◆ **Exercise brief**
Copy exactly the lines of the data below, beginning with the line with "Millet Magic Letter" and ending with the line with "4896 W 61st". Pictures are to be omitted.

◆ **Data supplied**
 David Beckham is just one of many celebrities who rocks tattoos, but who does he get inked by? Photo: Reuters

...

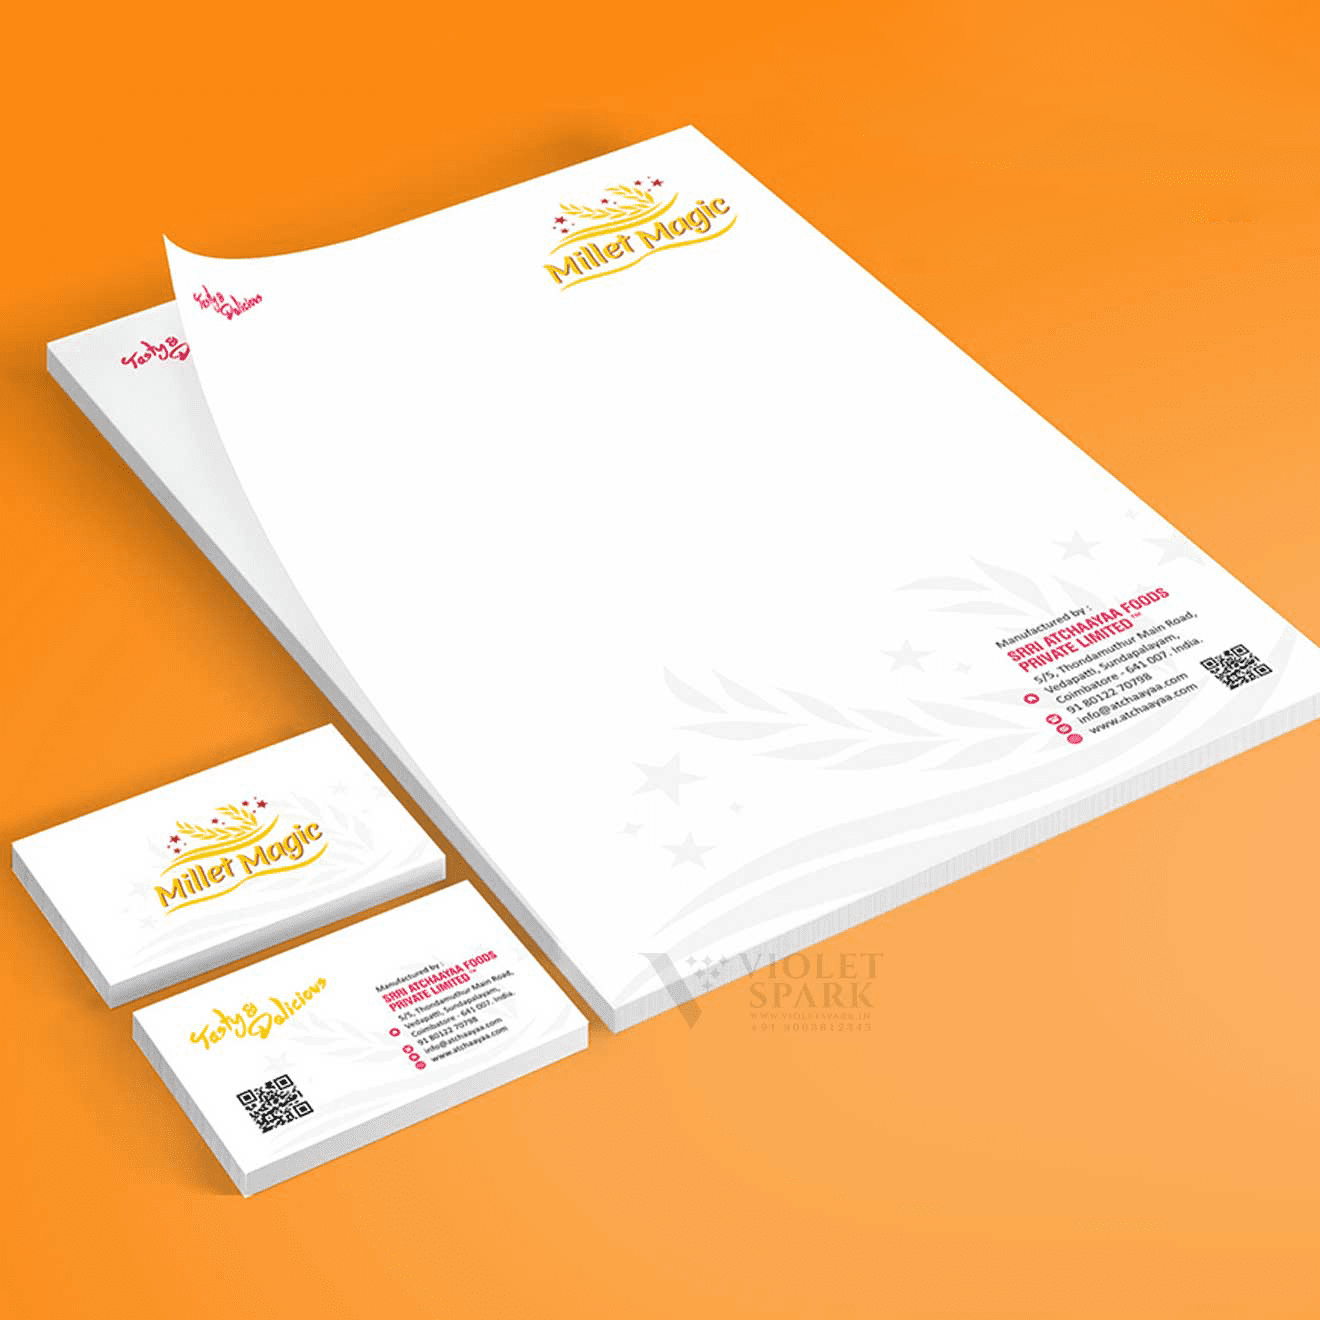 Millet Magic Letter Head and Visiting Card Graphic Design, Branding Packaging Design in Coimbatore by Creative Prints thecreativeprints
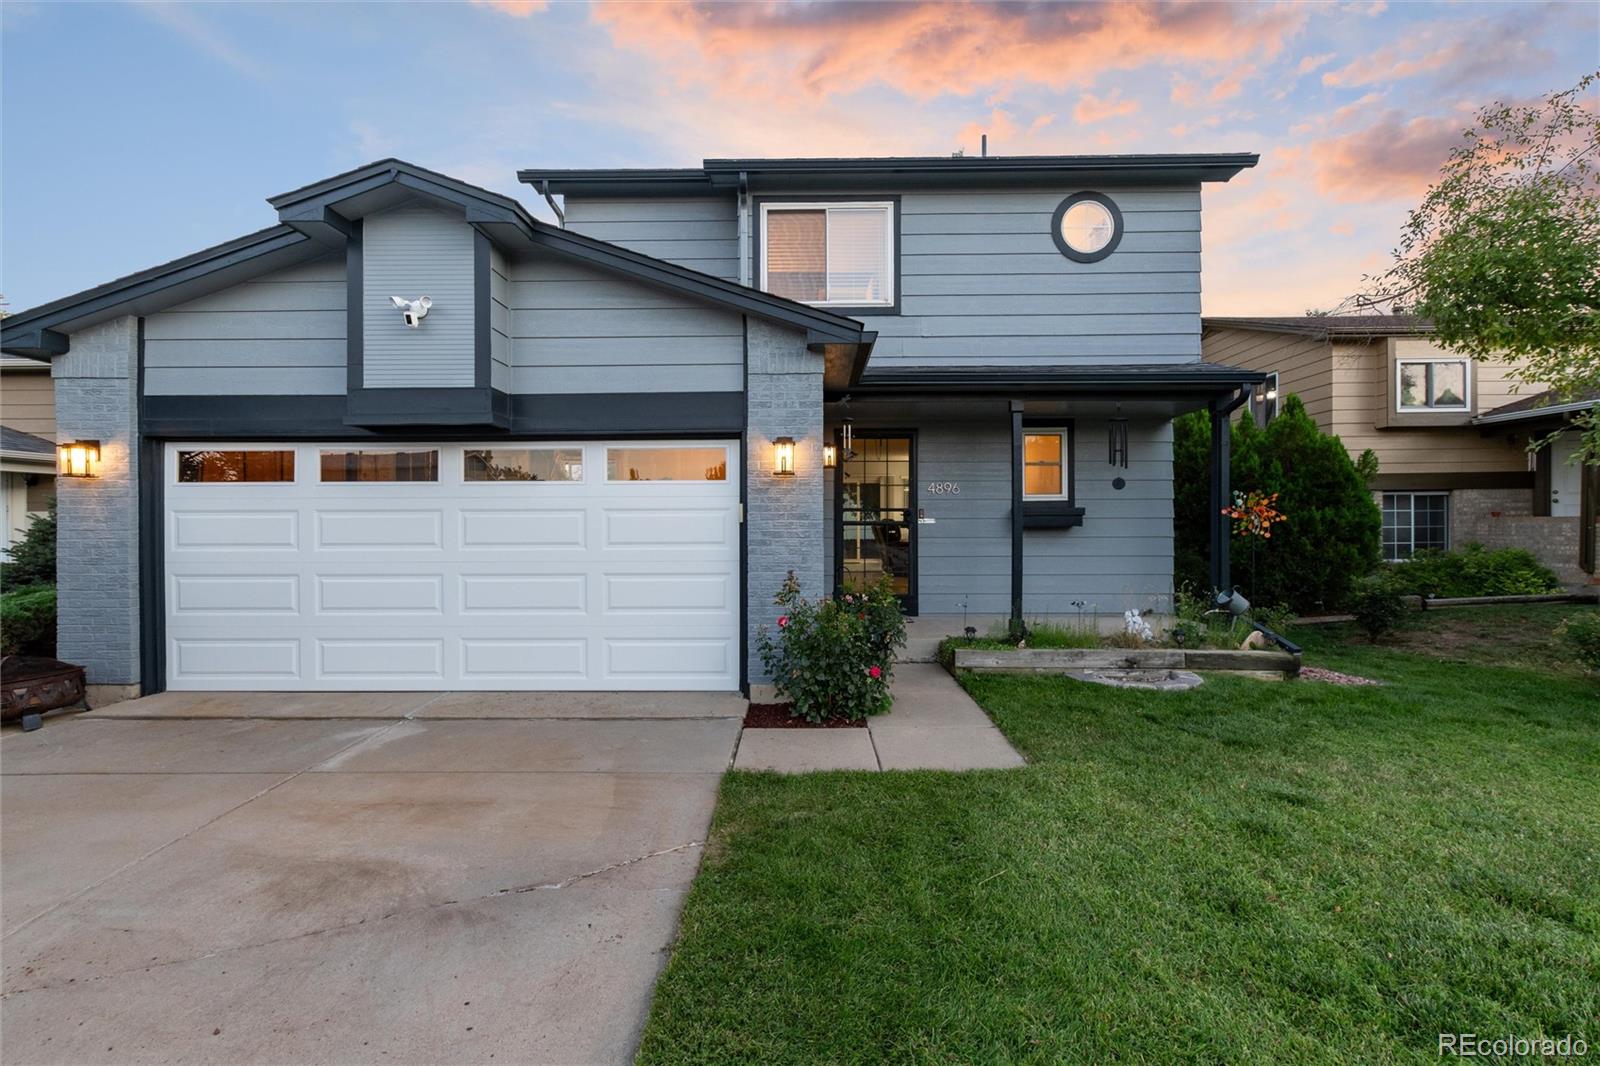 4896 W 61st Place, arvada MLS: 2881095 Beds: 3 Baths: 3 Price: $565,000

--

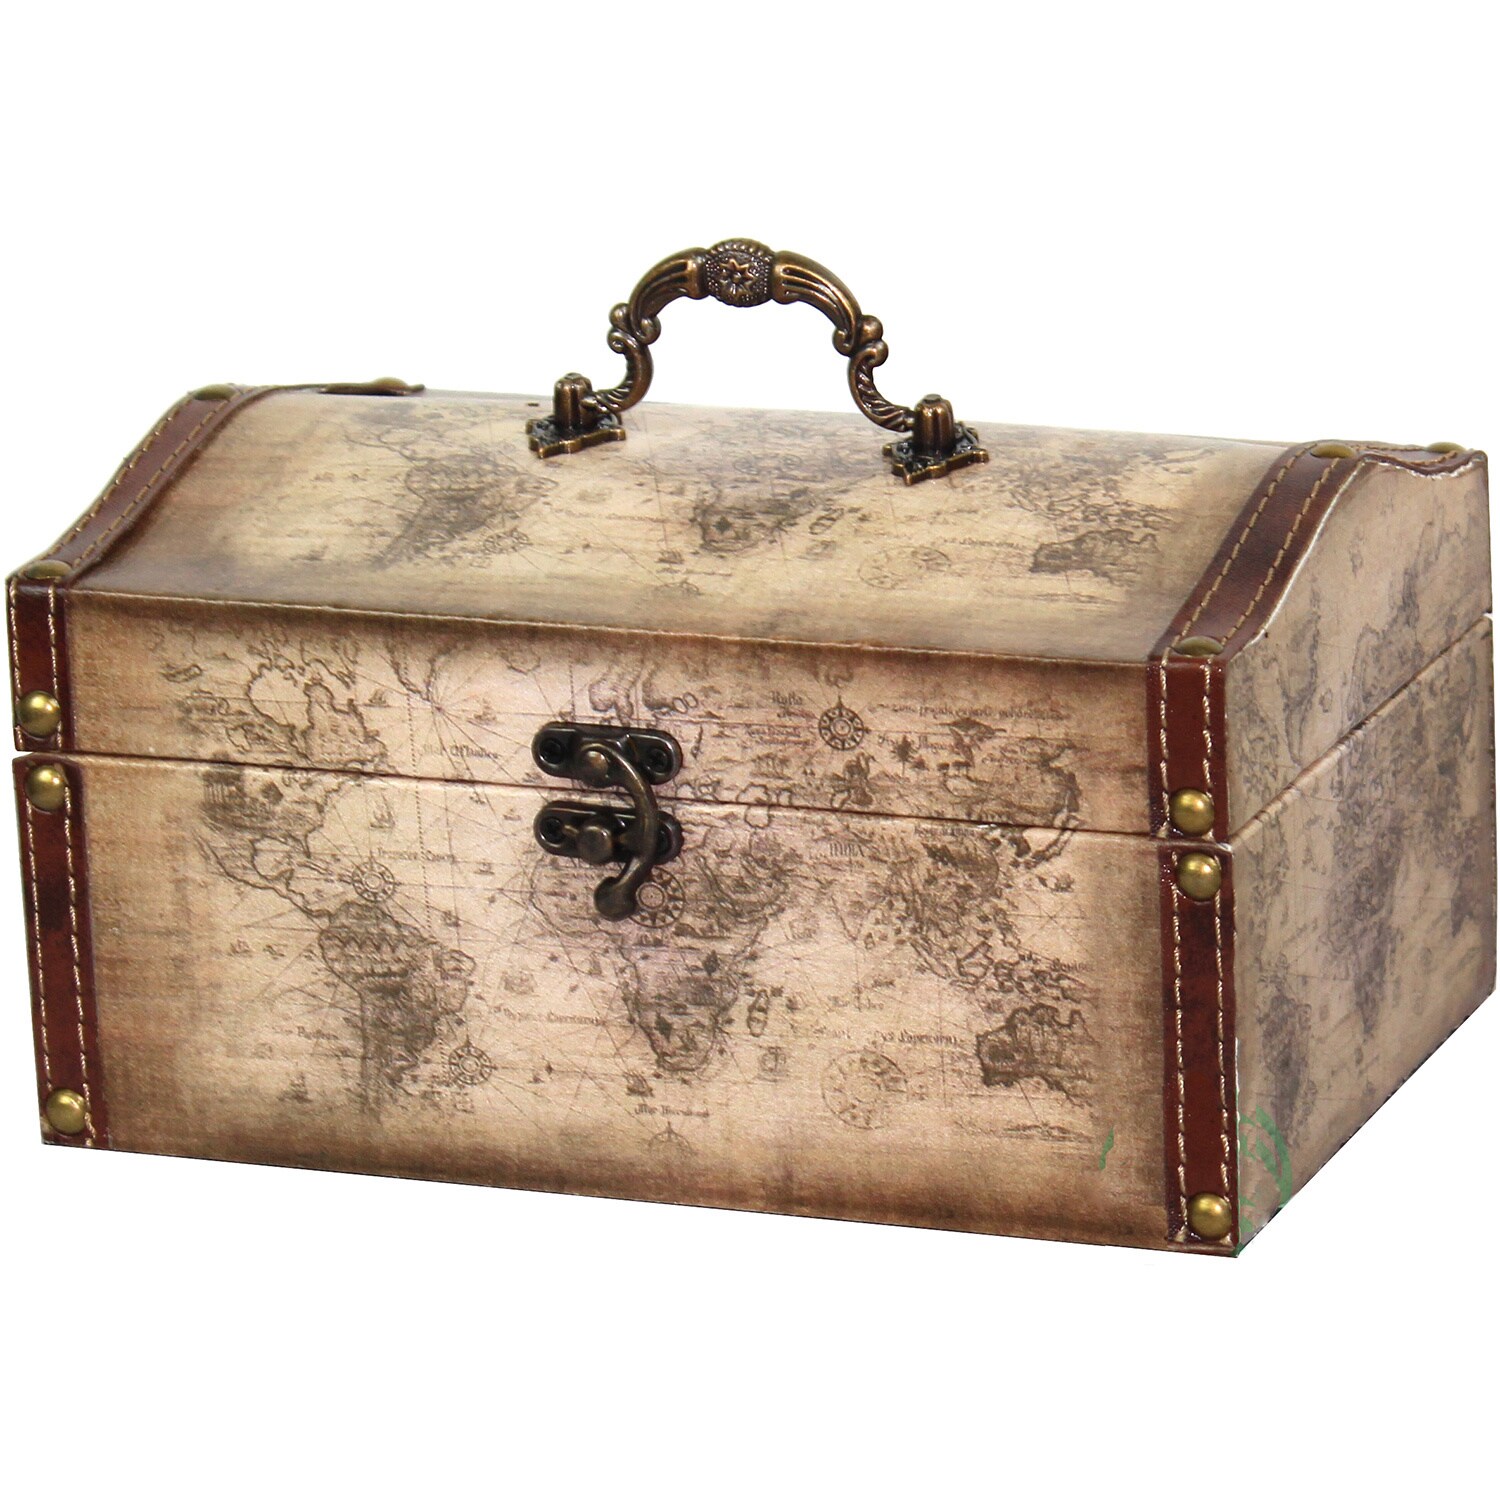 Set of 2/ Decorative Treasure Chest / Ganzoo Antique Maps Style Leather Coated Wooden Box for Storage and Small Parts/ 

◆ **Answer**
 Millet Magic Letter Head and Visiting Card Graphic Design, Branding Packaging Design in Coimbatore by Creative Prints thecreativeprints
 4896 W 61st Place, arvada MLS: 2881095 Beds: 3 Baths: 3 Price: $565,000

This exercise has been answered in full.